Personal information
- Full name: Alejandro Javier Larrea Marzol
- Date of birth: 5 December 1966
- Place of birth: Montevideo, Uruguay
- Date of death: 22 August 2026 (aged 59)
- Height: 1.77 m (5 ft 10 in)
- Position: Forward

Senior career*
- Years: Team / Apps / (Gls)
- 1983–1988: Montevideo Wanderers
- 1988–1990: Progreso
- 1990–1991: Sud América
- 1992: Central Español
- 1992–1994: Estudiantes / 35 / (4)
- 1995–1997: Atlético Marte
- 1997: Aurora
- 1997–1999: Deportivo Saprissa
- 1999: Beijing Guoan / 11 / (1)
- 2000–2001: Montevideo Wanderers
- 2001: Guangzhou Geely / 9 / (1)
- 2001: Tianjin Teda / 0 / (0)
- 2001–2002: Montevideo Wanderers
- 2003–2004: Ramonense

International career
- 1992: Uruguay / 2 / (1)

Managerial career
- 2005–2006: Deportivo Saprissa (assistant)
- 2006: Santacruceña
- 2007: Turrialba
- 2007: Guanacasteca
- 2007–2008: Puntarenas
- 2008: Guanacasteca
- 2014: Hebei Zhongji (assistant)
- 2014: Hebei Zhongji (caretaker)
- 2015–2018: Costa Rica (assistant)
- 2019: Puerto Golfito [es]
- 2020–2021: Sacachispas
- 2022: Parque del Plata [es]
- 2024–2025: Progreso (youth)
- 2025: Progreso (interim)
- 2025: Progreso

= Alejandro Larrea =

Uruguayan football player and manager (1966–2026)
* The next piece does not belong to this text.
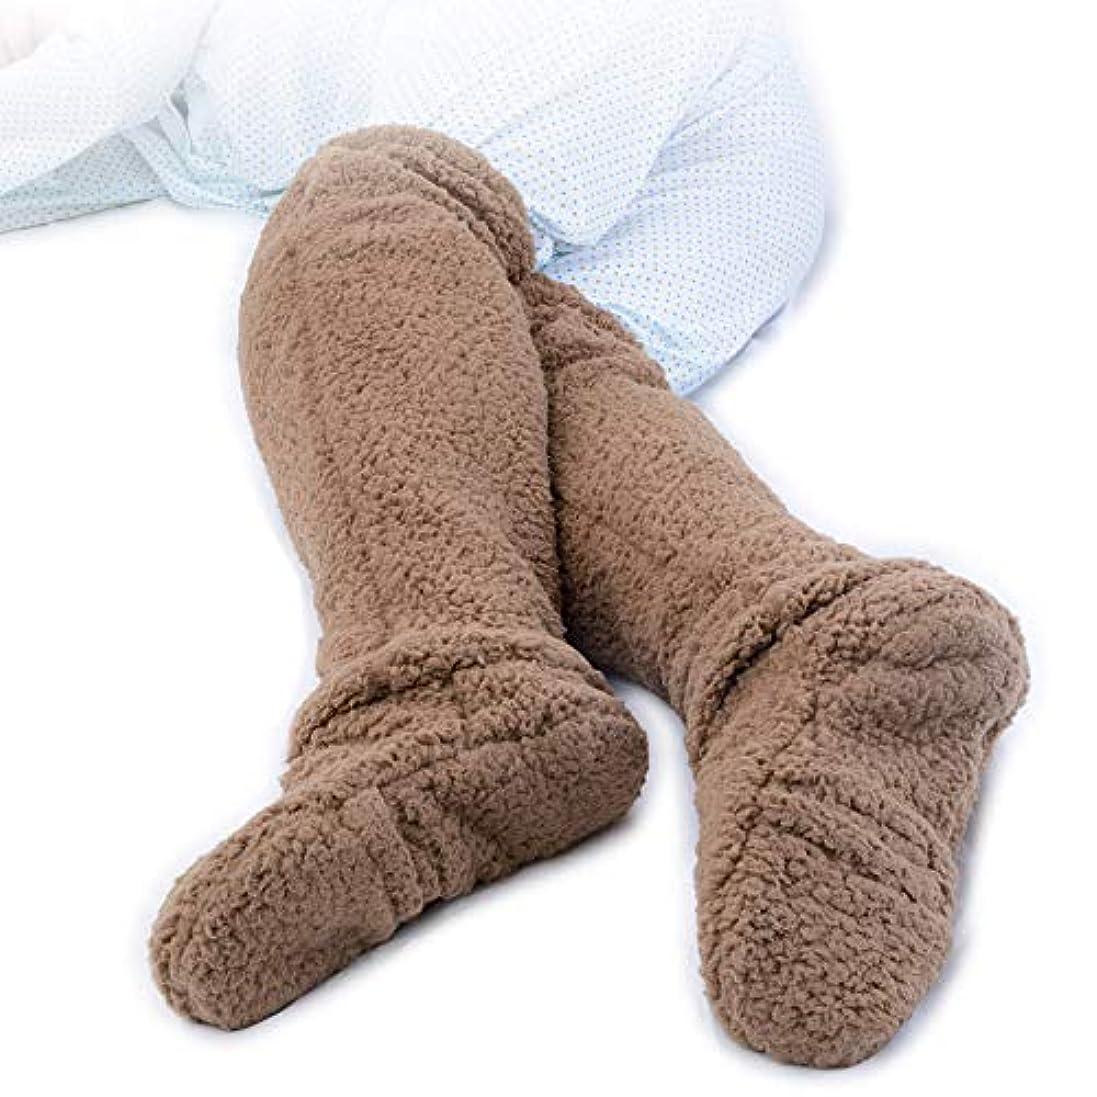 アシュリータファーマンビバビジネスヒートソックス,Enteriza 極暖 防寒 足が出せるロングカバー あったかグッズ ルームシューズ 男女兼用 2重フリース生地 室内履き 軽量 洗える

Alejandro Javier Larrea Marzol (5 December 1966 – 22 August 2026) was a Uruguayan professional football manager and player who played as a forward.

==Career==
Larrea earned two caps for Uruguay national team in 1992. On 21 June 1992, he made his debut and scored his first goal in a 2–0 win over Australia. He played another match on 4 July 1992 in a 3–1 win over Ecuador.

In July 1999, Larrea transferred to Chinese Jia-A League side Beijing Guoan. On 25 July 1999, he scored his first goal in China in a 3–3 away draw against Shenyang Haishi. He joined Chinese second-tier club Guangzhou Geely in April 2001. On 5 May, he made his debut for Guangzhou and scored his first goal in a 1–1 away draw against Jiangsu Sainty. Larrea joined another Jia-A League club Tianjin Teda, which was then coached by Uruguayan manager Nelson Agresta, on 28 July 2001. He left the club in August, playing just two FA Cup matches for Tianjin in the two legs of the third round of 2001 Chinese FA Cup.
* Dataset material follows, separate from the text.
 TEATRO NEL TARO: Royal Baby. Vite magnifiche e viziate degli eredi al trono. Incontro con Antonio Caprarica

On 23 December 2013, Larrea was appointed the assistant coach of Nelson Agresta for China League One club Hebei Zhongji. He became the caretaker manager of the club for the rest of the season on 11 August 2014 after Agresta was sacked.

On 24 August 2015, Larrea was hired to serve as Óscar Ramírez's assistant in the Costa Rica national football team.

==Death==
Larrea died on 22 August 2026, at the age of 59.